Task brief → Restate the data below word for word, omitting pictures.

Collected data →

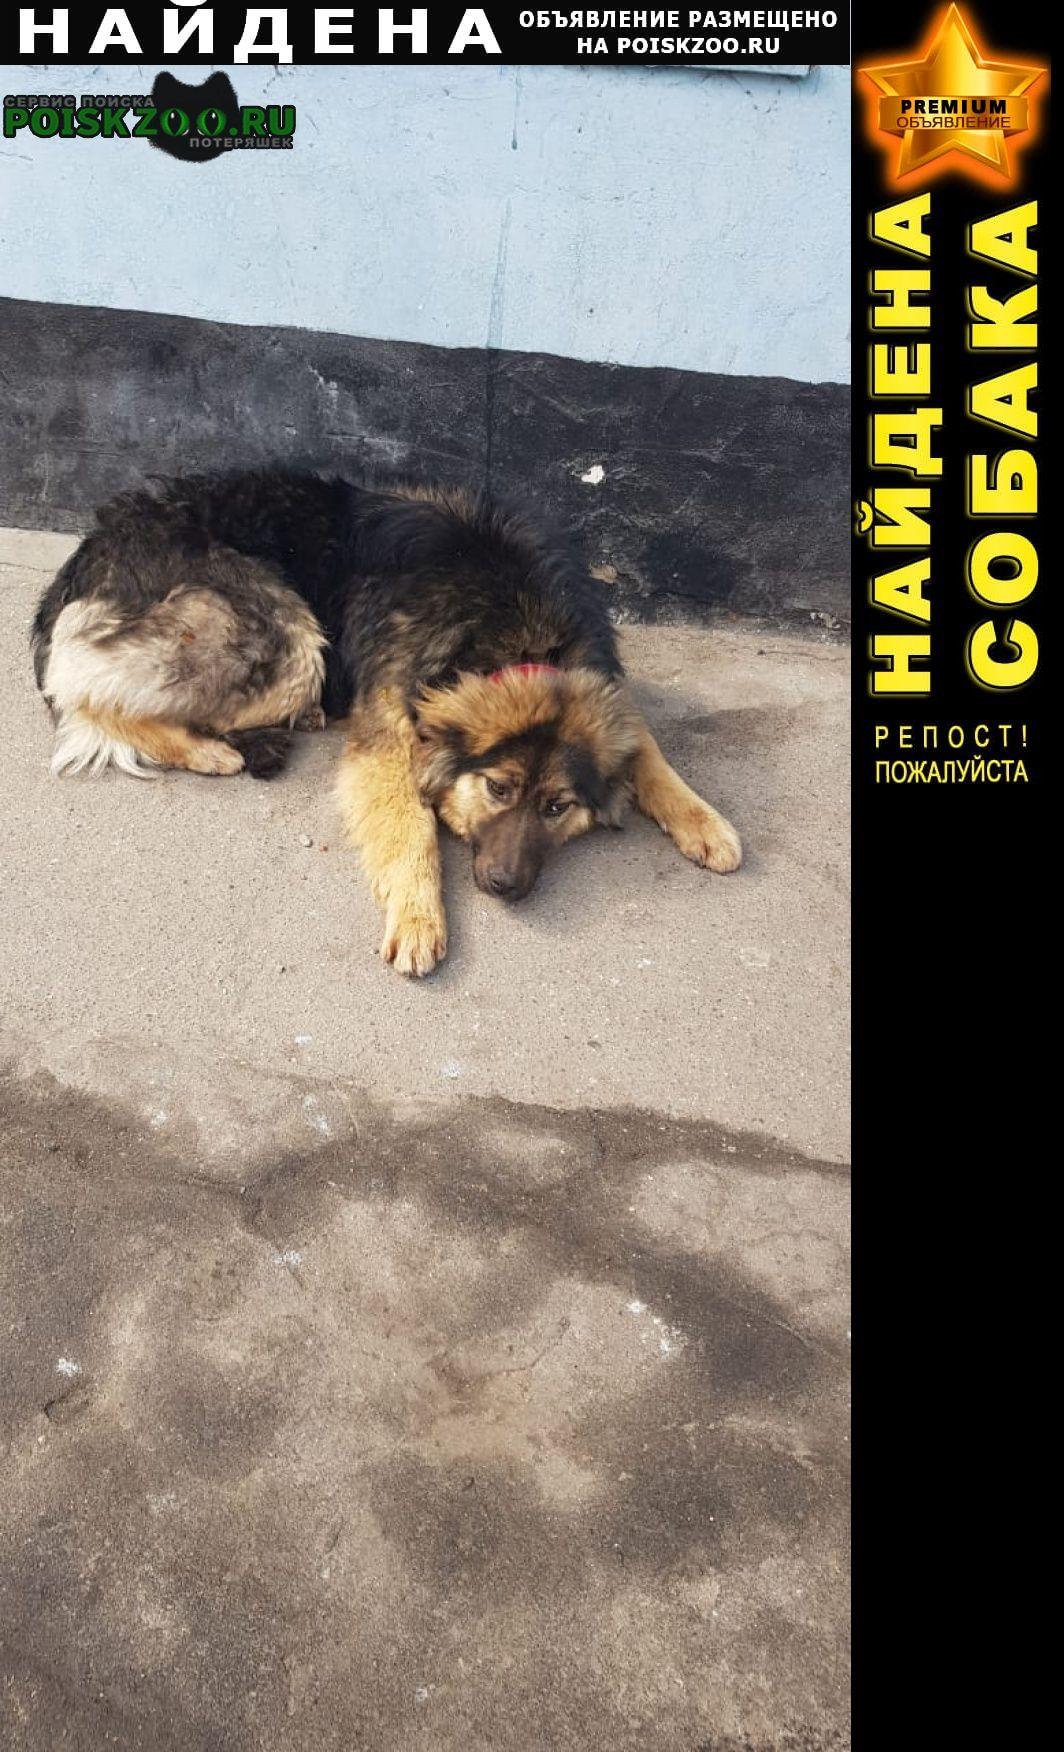 Найдена собака очень добрая, ласковая собачка. Москва
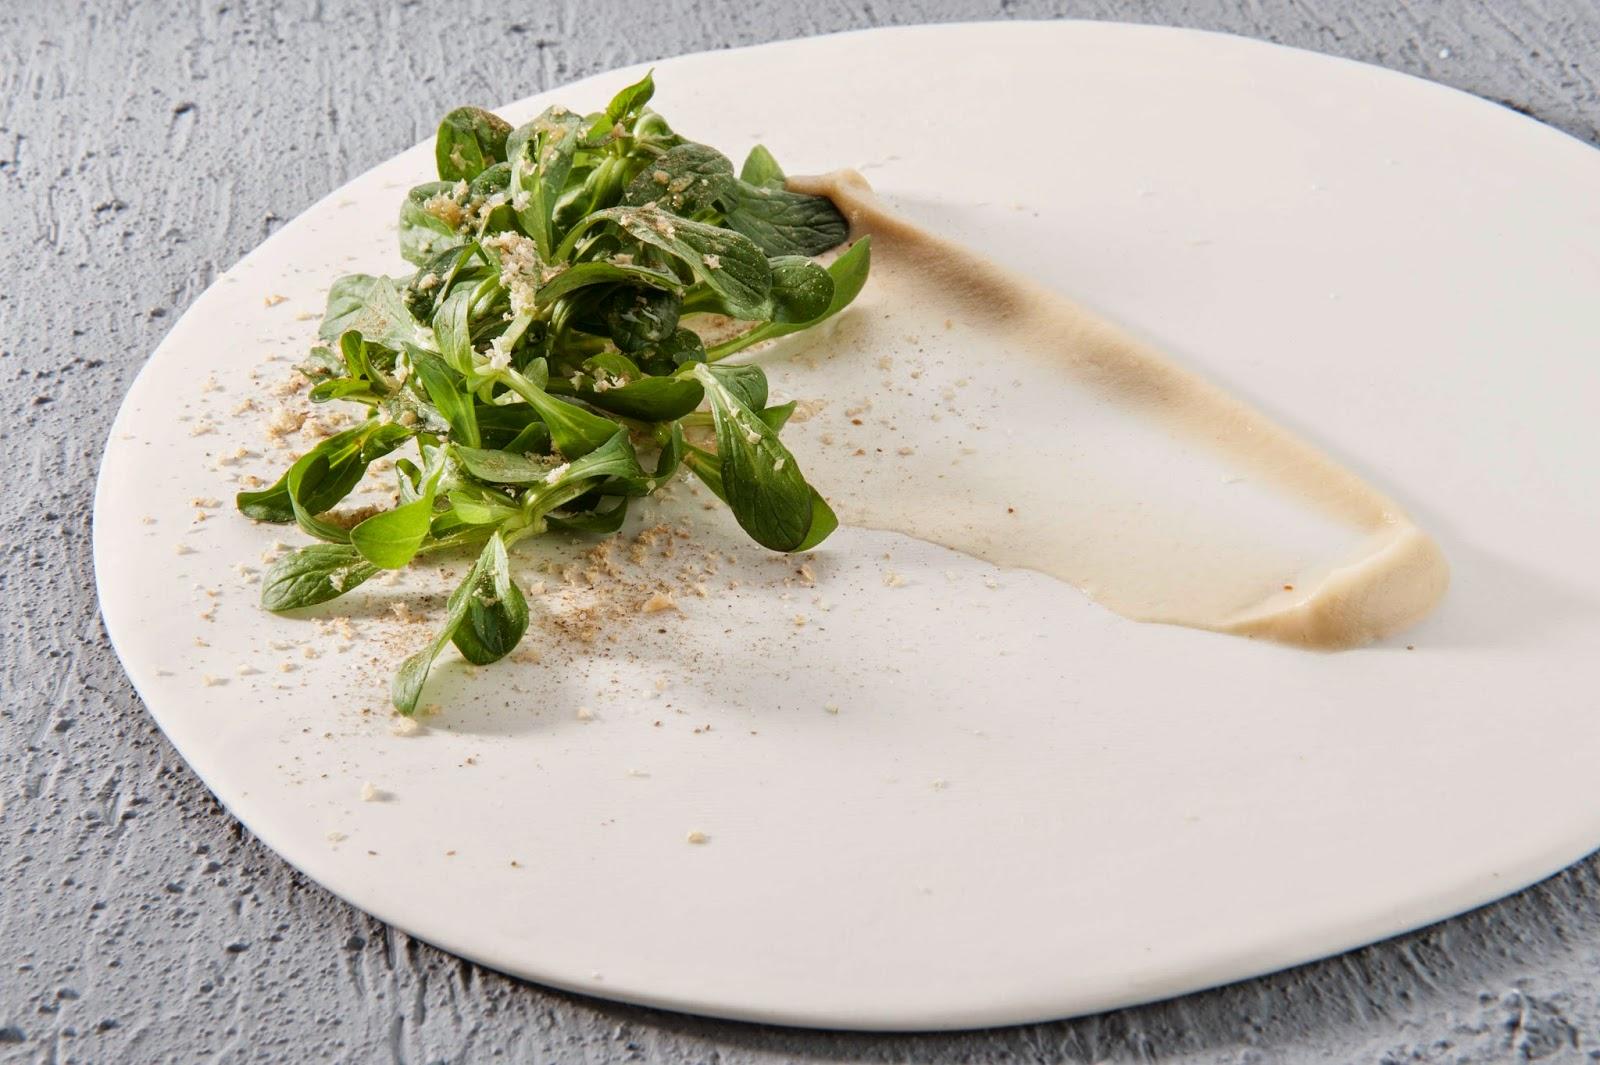 Insalata di valeriana, sedano rapa e nocciole delle Langhe- Antonia Klugmann
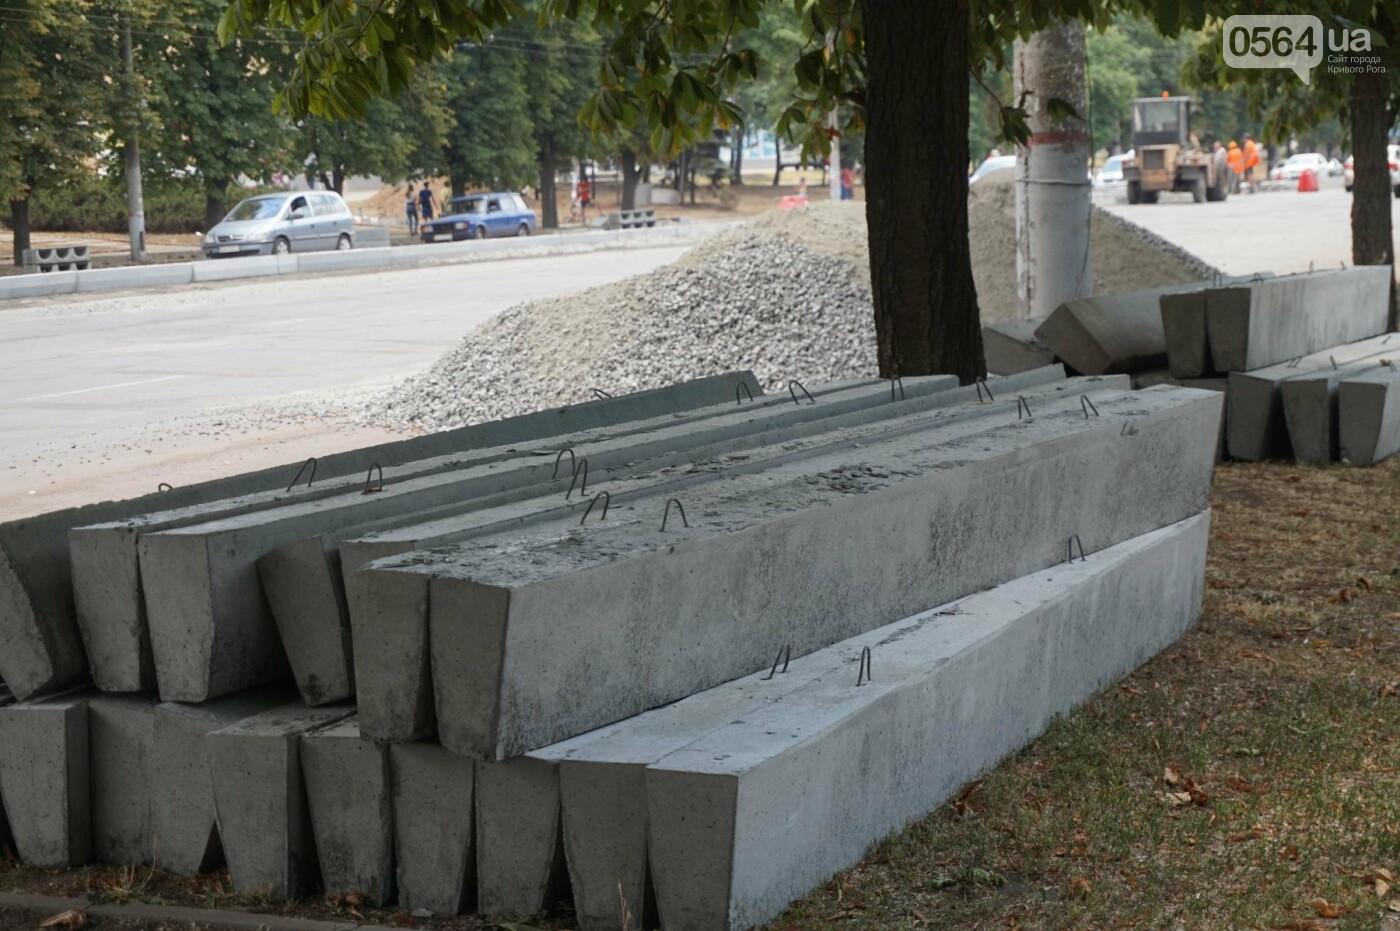 С сегодняшнего дня на центральном проспекте Кривого Рога отменены 3 остановки и запрещена парковка, - ФОТО, фото-18

Output for this exercise →
 Найдена собака очень добрая, ласковая собачка. Москва
 Insalata di valeriana, sedano rapa e nocciole delle Langhe- Antonia Klugmann
 С сегодняшнего дня на центральном проспекте Кривого Рога отменены 3 остановки и запрещена парковка, - ФОТО, фото-18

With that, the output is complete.